Collectively, these experiments demonstrated that PaPcc2 binds both to CBKP1 and to CBK complexes. The capacity of PaPcc2 to form heterodimers with PaPcc1, suggests direct interaction with PaPcc1 or, in absence of Pcc1, with the catalytic subunit Kae1. Pcc1 and Pcc2, alone or in combination, seem to dictate the oligomeric state of PaKEOPS.

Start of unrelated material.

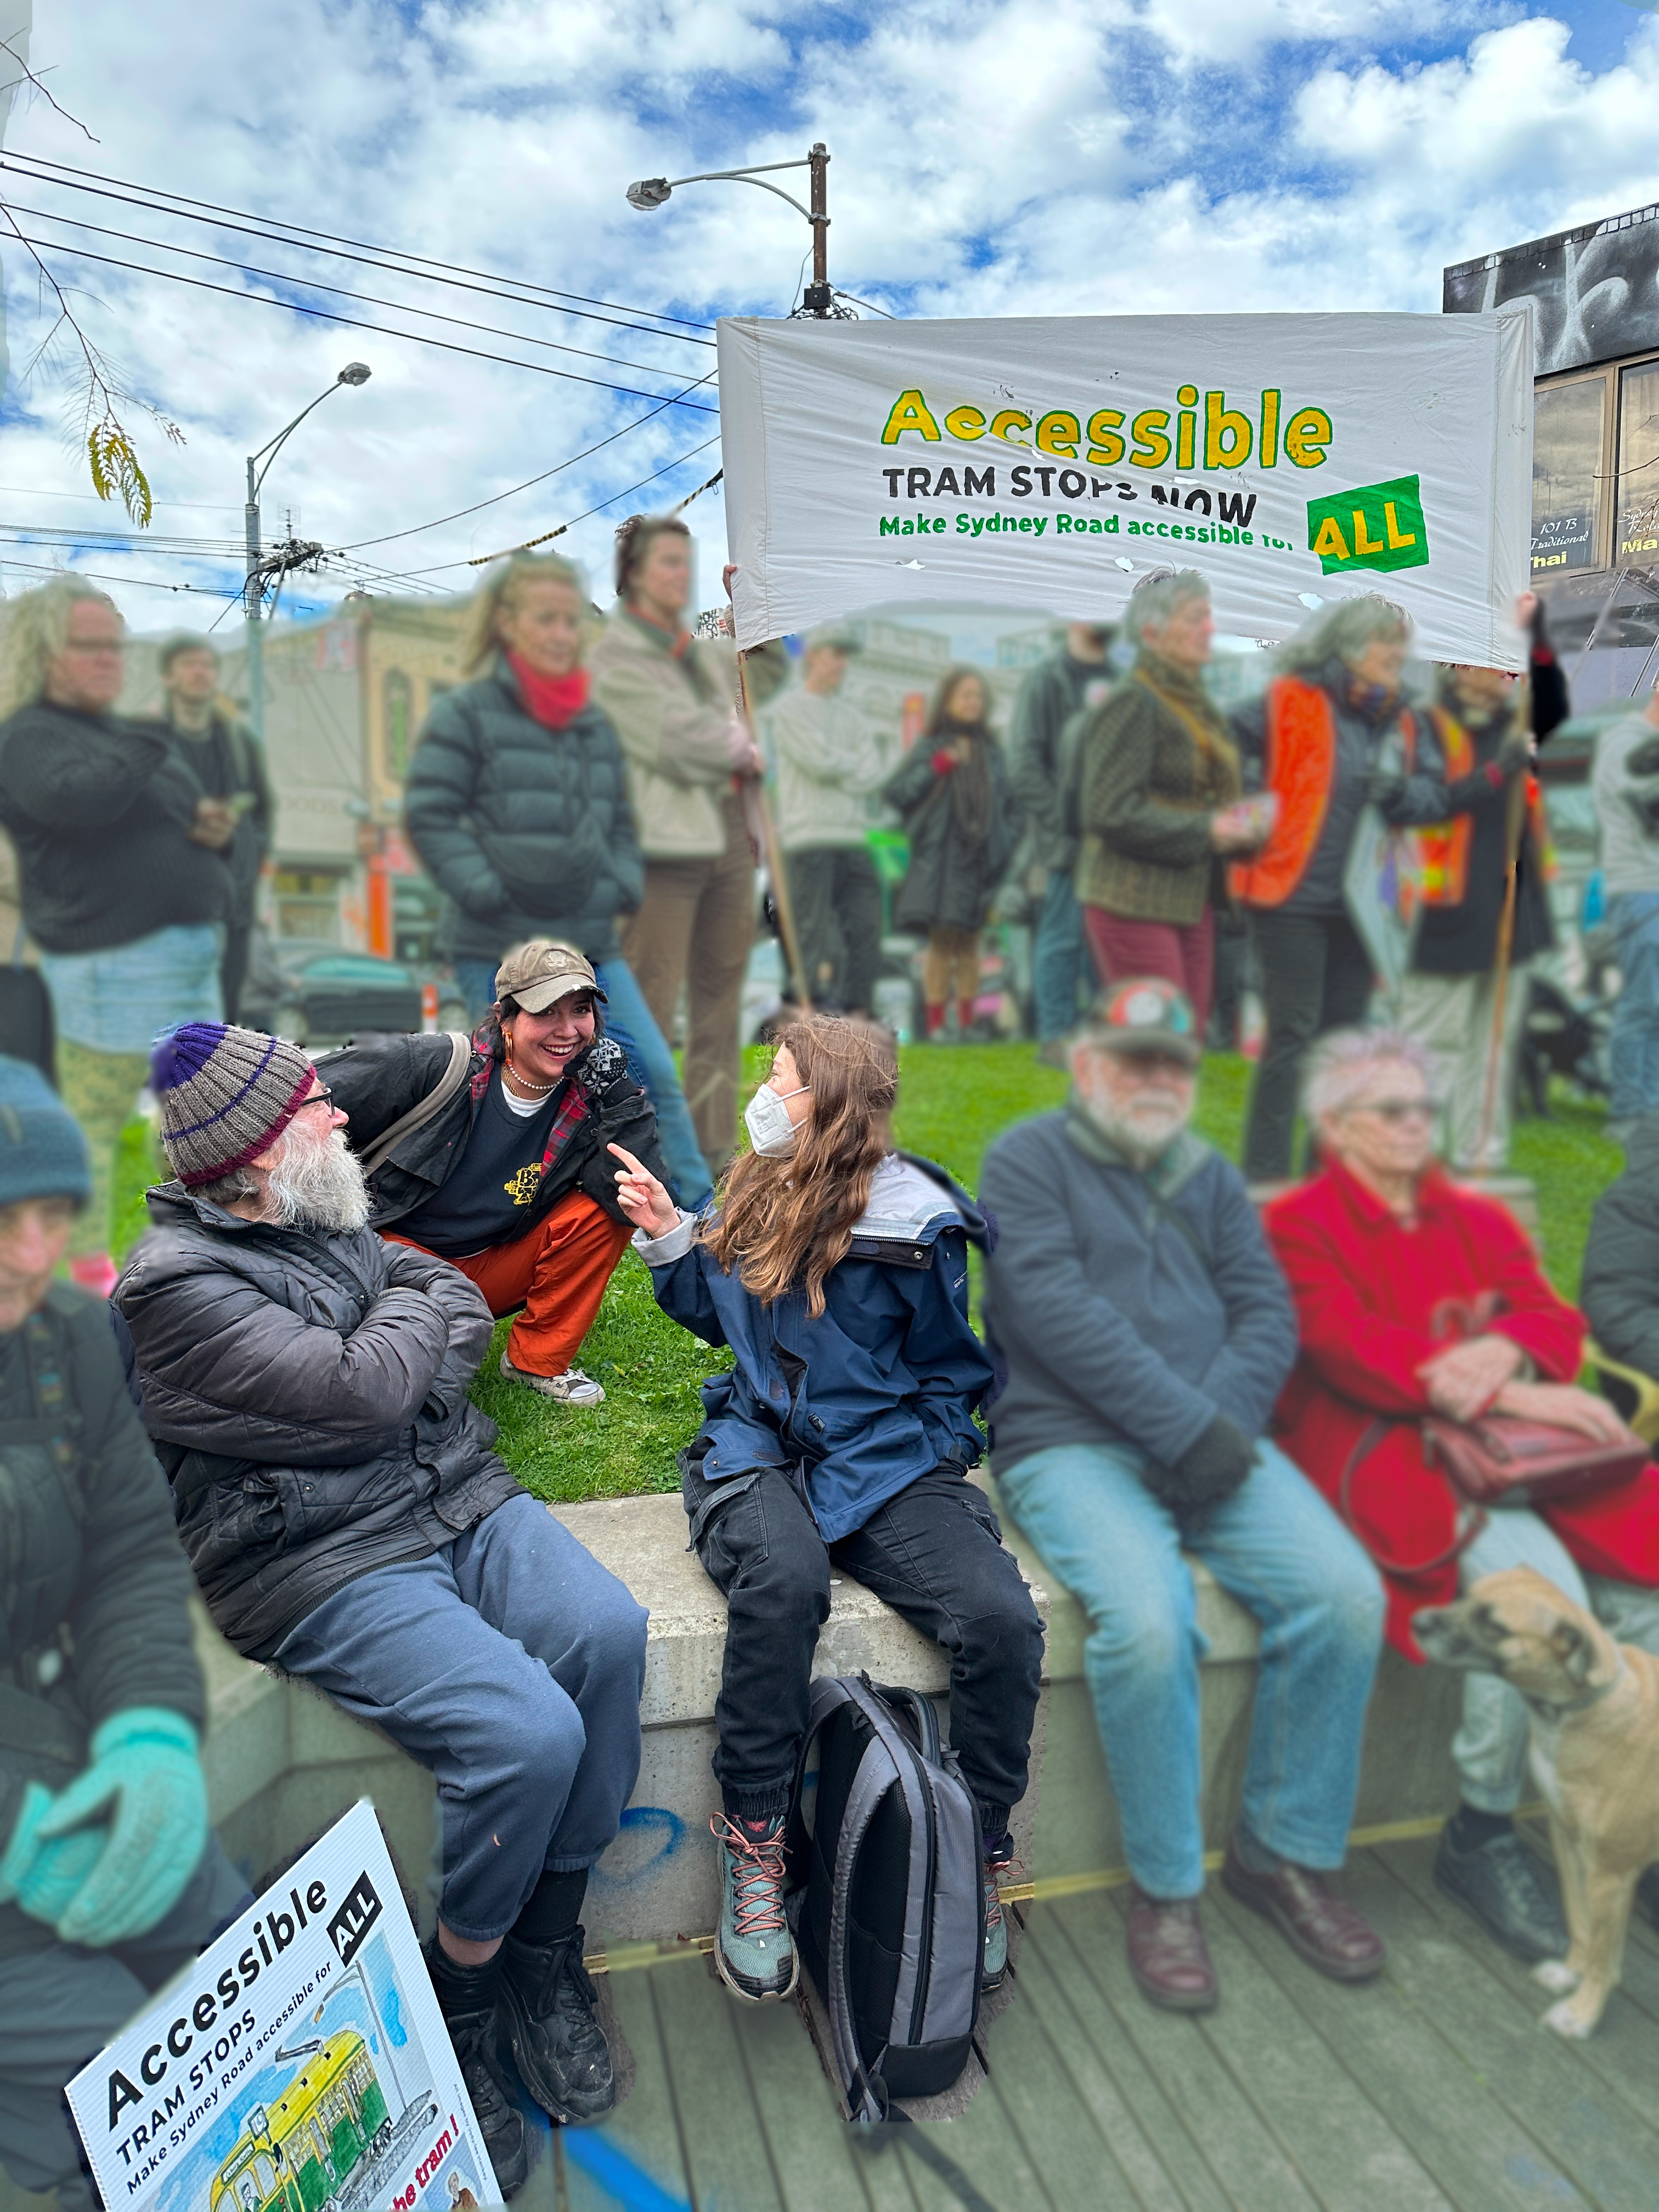 A photograph of several people sitting in a small plaza, with everything blurred except three people talking and laughing in the foreground - hosts Kevin, Karina and Zeb, also visible is a large hand-painted banner which reads Accessible Tram Stops NOW - Make Public Transport Accessible for all!

The Pcc2 crystal structure closely resembles that of Pcc1

Using the pure PaPcc2 fractions we collected during purification of CBKP2 complex we solved the crystal structure of PaPcc2 by molecular replacement at a resolution of 1.84 Å (Supplementary Table 1). The asymmetric unit contained three nearly identical (RMSD around 1.3 Å) PaPcc2 copies. Two copies form a tight dimer whereas the third copy is more loosely associated with the two others. The latter copy forms a tight dimer with a symmetry related partner. PaPcc2 forms a three stranded anti-parallel β-sheet with three α helices packed against one face of the sheet (βαα′ββα topology) (Fig. 4A). Interestingly, despite moderate pairwise sequence identity (29%), PaPcc2 and Pcc1 from Pyrococcus furiosus (PfPcc1) superpose very well (Z score of 7.2 and RMSD of 1.48 Å for 76 equivalent Cα positions) (Fig. 4B). The main structural difference between PfPcc1 and PaPcc2 resides in the connection between strands β1 and β2 that consists of a single α helix (α1) for PfPcc1 and two perpendicularly oriented α helices (α1 and α1′) for PaPcc2. Also the PaPcc2 homodimer structure is very similar to that of PfPcc1. In both dimers, the two monomers associate via their β1 strands to form a continuous six-stranded anti-parallel β-sheet and the two main helices are involved in hydrophobic packing. The superposition of the two homodimers reveals about 10 Å longitudinal sliding of PaPcc2 protomers alongside β1 strand (Fig. 4B).

**Fig. 4: Crystal structure of PaPcc2 homodimer.**

In the X-ray crystal structure of archaeal Kae1-Pcc1 complex, the α1 helix of Pcc1 is part of a four-helix bundle building the Kae1-Pcc1 interaction interface³⁴. To explore how the observed differences in α1 helix conformation could impact the interaction of PaPcc2 with Kae1 protein we superposed the structures of the PaPcc2 homodimer with the PfPcc1 homodimer in complex with one Kae1 protein from the archaeon Thermoplasma acidophilum (Fig. 4C). This revealed a significant displacement of both α1α1′ and α2 helices with respect to their PfPcc1 counterparts suggesting that PaPcc2 likely binds differently to Kae1. This may be one of the reasons why there are considerable differences in the quaternary structures of the CBKP1, CBKP1P2, and CBKP2 complexes (see further below).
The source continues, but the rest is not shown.